So far, our `Collector` class does not collect any events. Let us extend it such that it collects _coverage_ information – that is, the set of lines executed. To this end, we introduce a `CoverageCollector` subclass which saves the coverage in a set:

In [None]:
class CoverageCollector(Collector):
    """A class to record covered lines during execution."""

    def __init__(self):
        super().__init__()
        self.coverage = set()

    def collect(self, frame, event, arg):
        self.coverage.add(frame.f_lineno)
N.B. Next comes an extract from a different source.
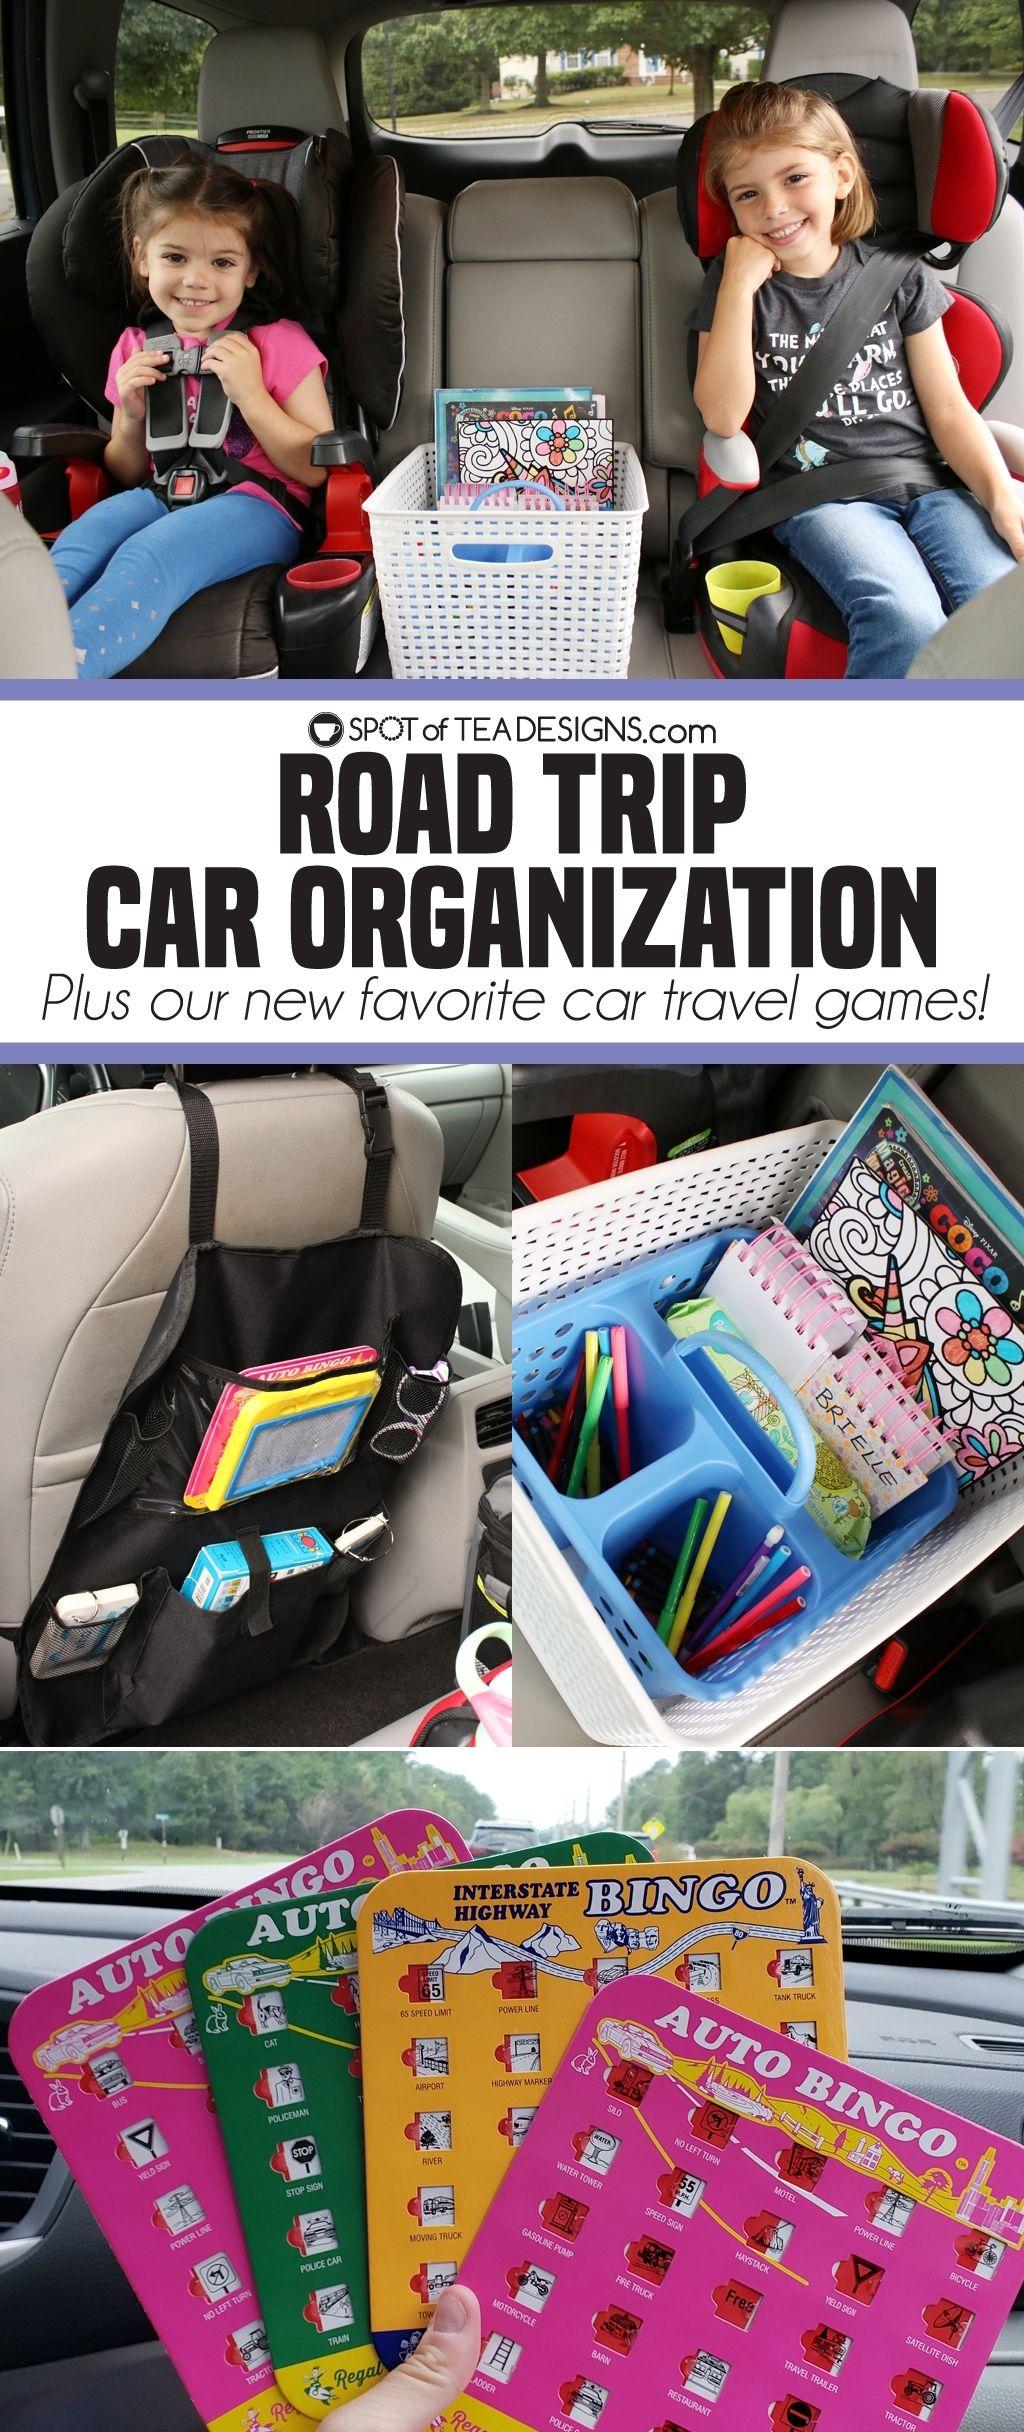 Road Trip Car Organization Tea design, Road trip

We also override `events()` such that it returns the set of covered lines.

In [None]:
class CoverageCollector(CoverageCollector):
    def events(self):
        """Return a set of predicates holding for the execution"""
        return self.coverage

Here is how we can use `CoverageCollector` to determine the lines executed during a run of `remove_html_markup()`:

In [None]:
c = CoverageCollector()
with c:
    remove_html_markup('abc')
print(c.events())

Sets of line numbers alone are not too revealing. They provide more insights if we actually list the code, highlighting these numbers:

In [None]:
import inspect

In [None]:
from bookutils import getsourcelines    # like inspect.getsourcelines(), but in color

In [None]:
def list_with_coverage(function, coverage):
    source_lines, starting_line_number = \
       getsourcelines(function)

    line_number = starting_line_number
    for line in source_lines:
        marker = '*' if line_number in coverage else ' '
        print(f"{line_number:4} {marker} {line}", end='')
        line_number += 1

In [None]:
list_with_coverage(remove_html_markup, c.coverage)

Remember that the input `s` was `"abc"`? In this listing, we can see which lines were covered and which lines were not. From the listing already, we can see that `s` has neither tags nor quotes.

Such coverage computation plays a big role in _testing_, as one wants tests to cover as many different aspects of program execution (and notably code) as possible. But also during debugging, code coverage is essential: If some code was not even executed in the failing run, then any change to it will have no effect.

In [None]:
from bookutils import quiz

In [None]:
quiz("Let the input be <samp>&quot;&lt;b&gt;Don't do this!&lt;/b&gt;&quot;</samp>. "
     "Which of these lines are executed? Use the code to find out!",
     [
         "<samp>tag = True</samp>",
         "<samp>tag = False</samp>",
         "<samp>quote = not quote</samp>",
         "<samp>out = out + c</samp>"
     ], [ord(c) - ord('a') - 1 for c in 'cdf'])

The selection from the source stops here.